Binary Classification of Histopathologic Cancer Images using ResNet18¶

1. Introduction¶

In this project, we approached the binary classification problem of histopathologic scans for detecting metastatic cancer in lymph node sections using the PCam dataset. The dataset consists of image patches labeled as either containing tumor tissue (label 1) or not (label 0). Our goal was to develop a convolutional neural network (CNN) model that classifies unseen test images accurately and produces a Kaggle competition submission.

2. Dataset Description¶

Training images: 220,025 RGB .tif files, each of size 96x96, with corresponding labels provided in train_labels.csv.

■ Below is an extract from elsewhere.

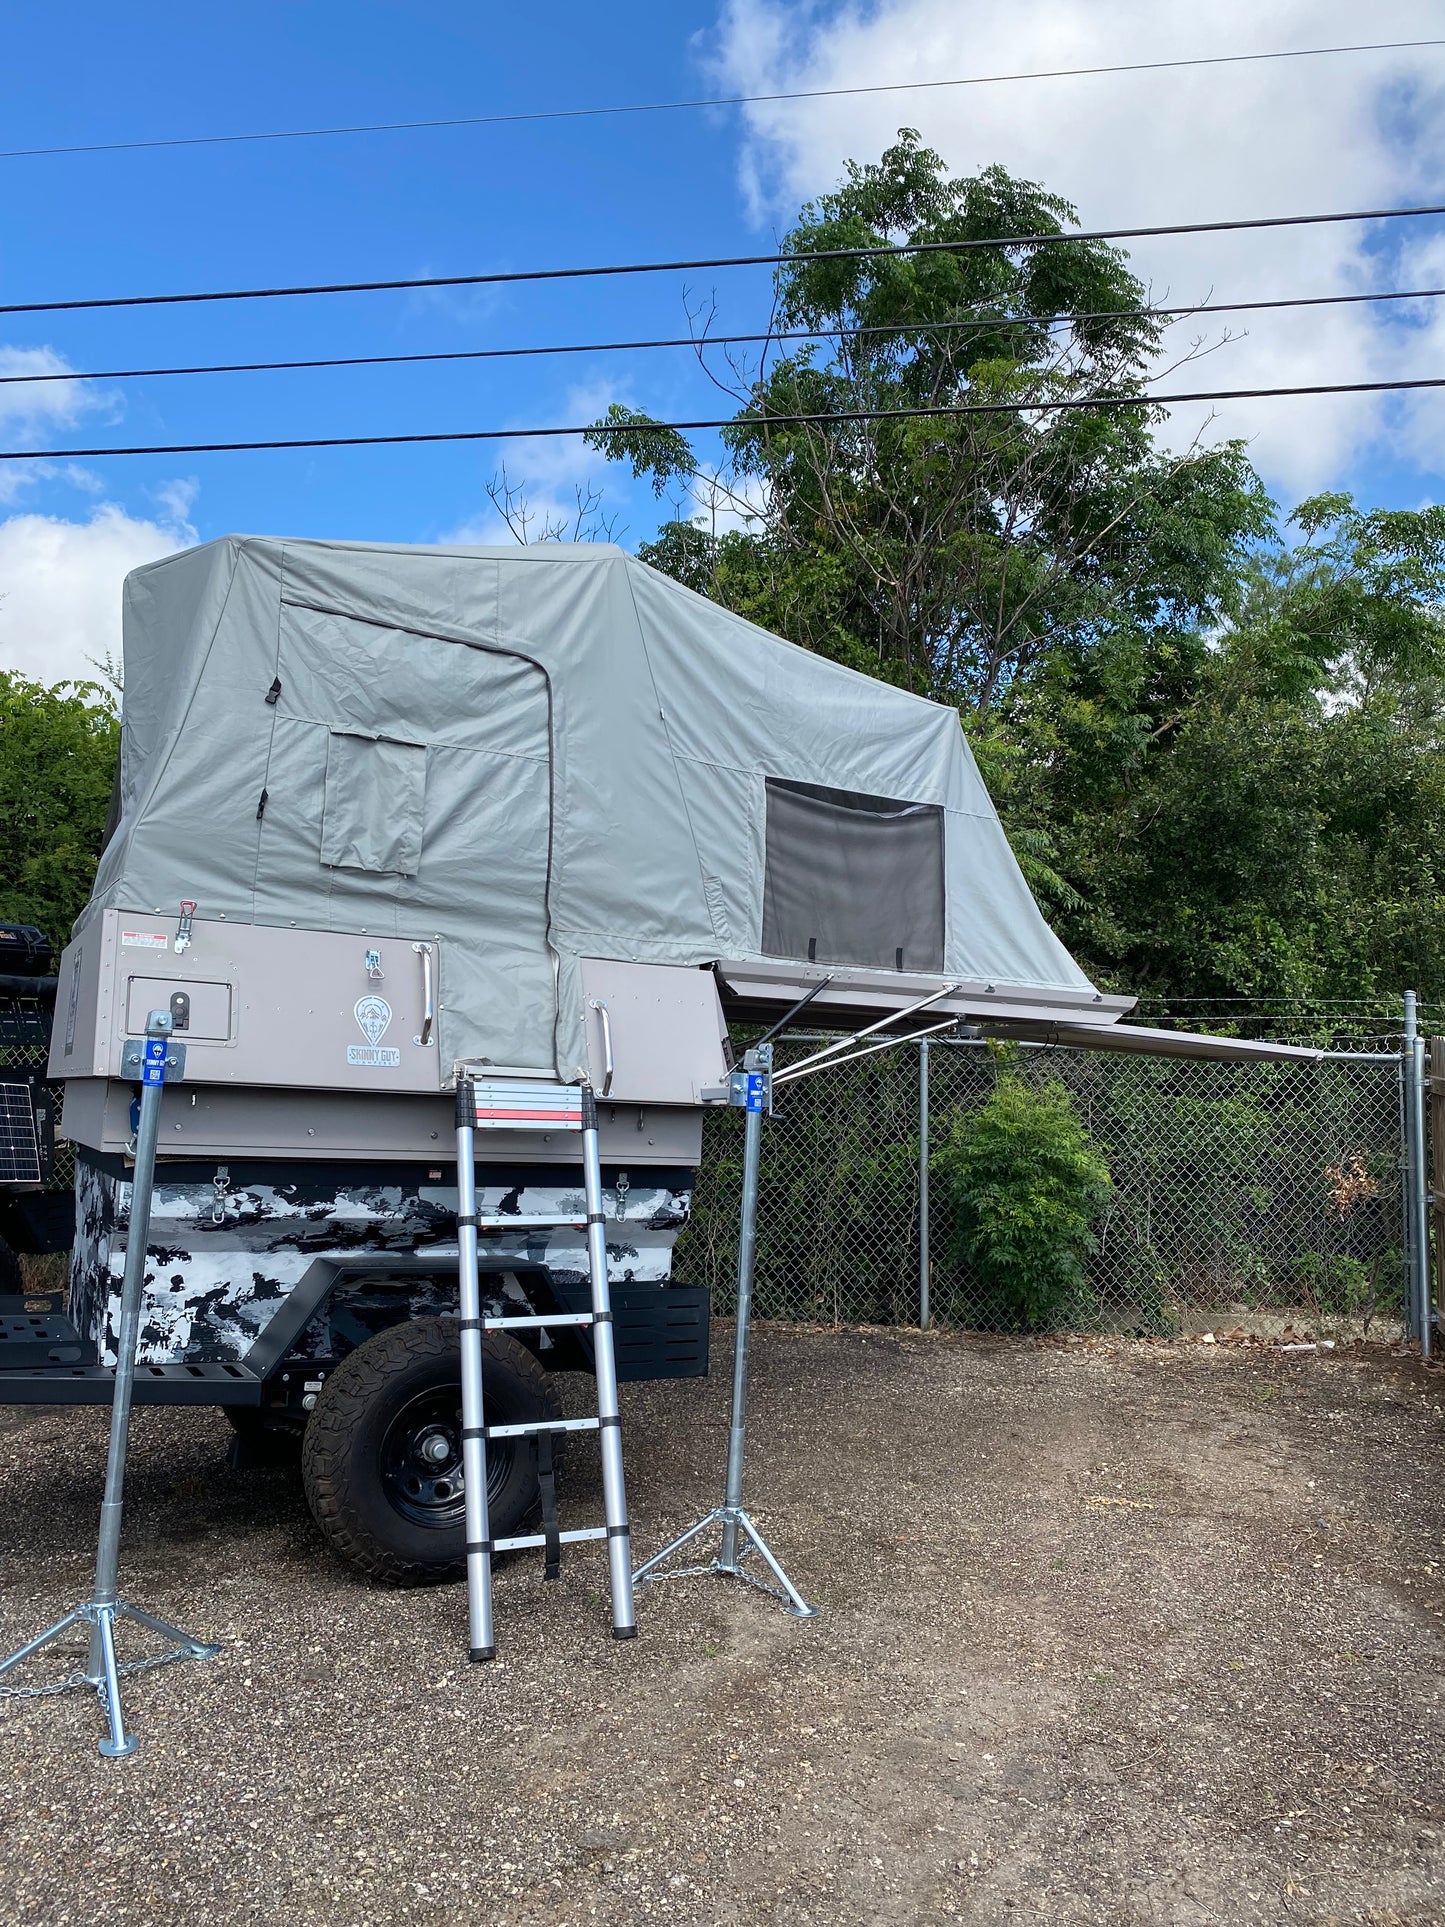 skinny guy truck bed all weather campers kit n kaboodle with outdoor kitchen and solar for sale near spring branch canyon lake texas at hawkes outdoors 2102512882

Test images: 57,456 unlabeled .tif files.

Labels: Binary classification — 0 (no tumor), 1 (tumor).

Train/Validation split: We used an 80/20 stratified split on the training set.

Downloaded here on kaggle: https://www.kaggle.com/competitions/histopathologic-cancer-detection/data

3. Data Preparation & EDA¶

We created a custom PyTorch Dataset class (PCamDataset) that loads the image file from the disk and maps it to its corresponding label using the CSV. A separate TestPCamDataset was used for the unlabeled test images.

Transformations We applied minimal augmentation to speed up training.

For EDA, we looked at the label distribution and a couple of sample pictures.

4. Model Architecture¶

We created our own set of CNN models, a simple version and a smarter version, but in the end went with ResNet18 pre trained model for a better score.

We used a pretrained ResNet18 model from torchvision.models, replacing the final fully connected layer to match our binary output:

This transfer learning approach allows us to leverage ImageNet feature extraction capabilities while fine-tuning only the final classifier for tumor detection.

5. Training Setup¶

Loss function: CrossEntropyLoss

Optimizer: Adam with learning rate 0.0005

Epochs: 10

Device: CUDA if available, else CPU

Batch size: 64

No early stopping or LR scheduling used

6. Evaluation Metrics¶

Accuracy, Precision, Recall, F1-Score on validation set

Confusion Matrix

ROC Curve and AUC

Results on validation set (sample output):

Accuracy: 0.9625 F1-score (macro avg): 0.9612

However, on Kaggle test set:

Public Score: 0.7348

7. Test Set Predictions¶

The final model was evaluated on the test set using a simplified transform (no augmentation), and predictions were generated as follows:

outputs = model(images) _, preds = torch.max(outputs, 1) submission_df = pd.DataFrame(predictions, columns=['id', 'label']) submission_df.to_csv("submission.csv", index=False)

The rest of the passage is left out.